Euro Area food inflation (HICP) has demonstrated a generally upward trajectory from 1.55% in 2005 to 2.84% in 2025, representing a total change of 1.29% or an 83.4% increase over the 20-year period. This trend is further evidenced by a compound annual growth rate of 3.1%. The data reveals notable volatility, with a low of 0.46% in 2014 and a peak of 11.0% in 2023. The most significant single movement was the dramatic increase of +487.6% from 2021's rate of 1.53% to 9.01% in 2022. These figures illustrate a gradual long-term upward trend in food prices within the Euro Area, punctuated by periods of extreme volatility.
What This Tracks
The food HICP for the euro area measures consumer price changes for food and non-alcoholic beverages purchased by households, weighted according to each country's share in the aggregate index. It is compiled by Eurostat using harmonised methodology across member states, enabling consistent cross-country comparison. Sub-components typically include unprocessed food, processed food, and at times separate indices for restaurants and catering services.

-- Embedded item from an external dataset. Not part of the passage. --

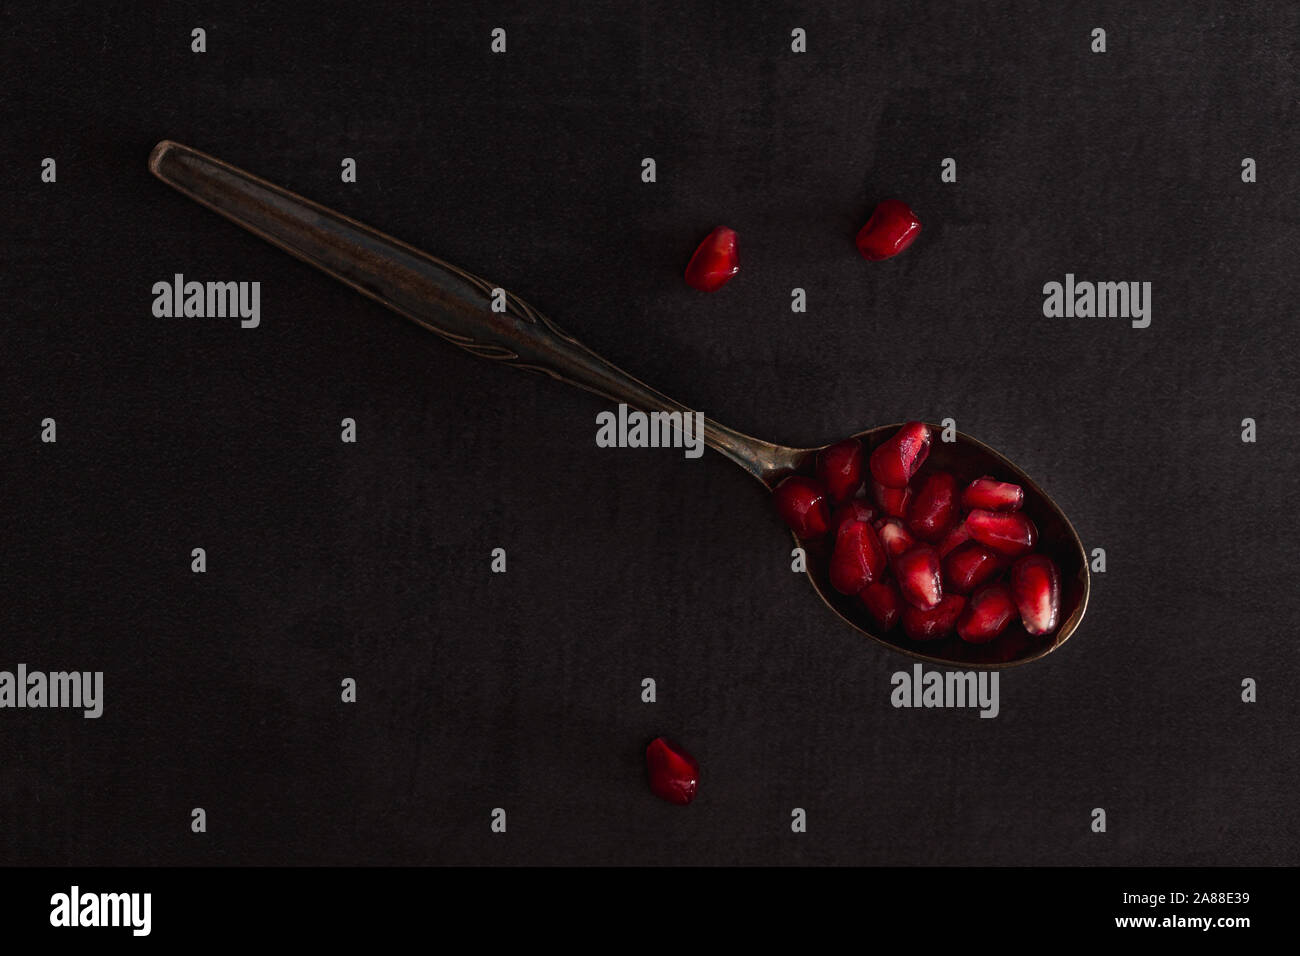 Fruits grenade fraîche avec des graines rouges sur cuillère dans un paysage sombre. Banque D'Images

- •Published monthly by Eurostat alongside the overall HICP release.
- •Weighted average of national food price indices across euro area countries.
- •Includes unprocessed food (e.g., meat, dairy, vegetables) and processed food (e.g., bread, oils).
- •Around 17% of the overall HICP basket is composed of food-related items.
What Drives It
Food inflation responds to a combination of upstream cost pressures and downstream demand factors. Energy, fertiliser, animal feed, and transportation costs feed directly into producer prices, while weather events, harvests, and global commodity markets affect supply availability. Exchange rate movements also influence imported food costs, particularly for items the euro area does not produce domestically.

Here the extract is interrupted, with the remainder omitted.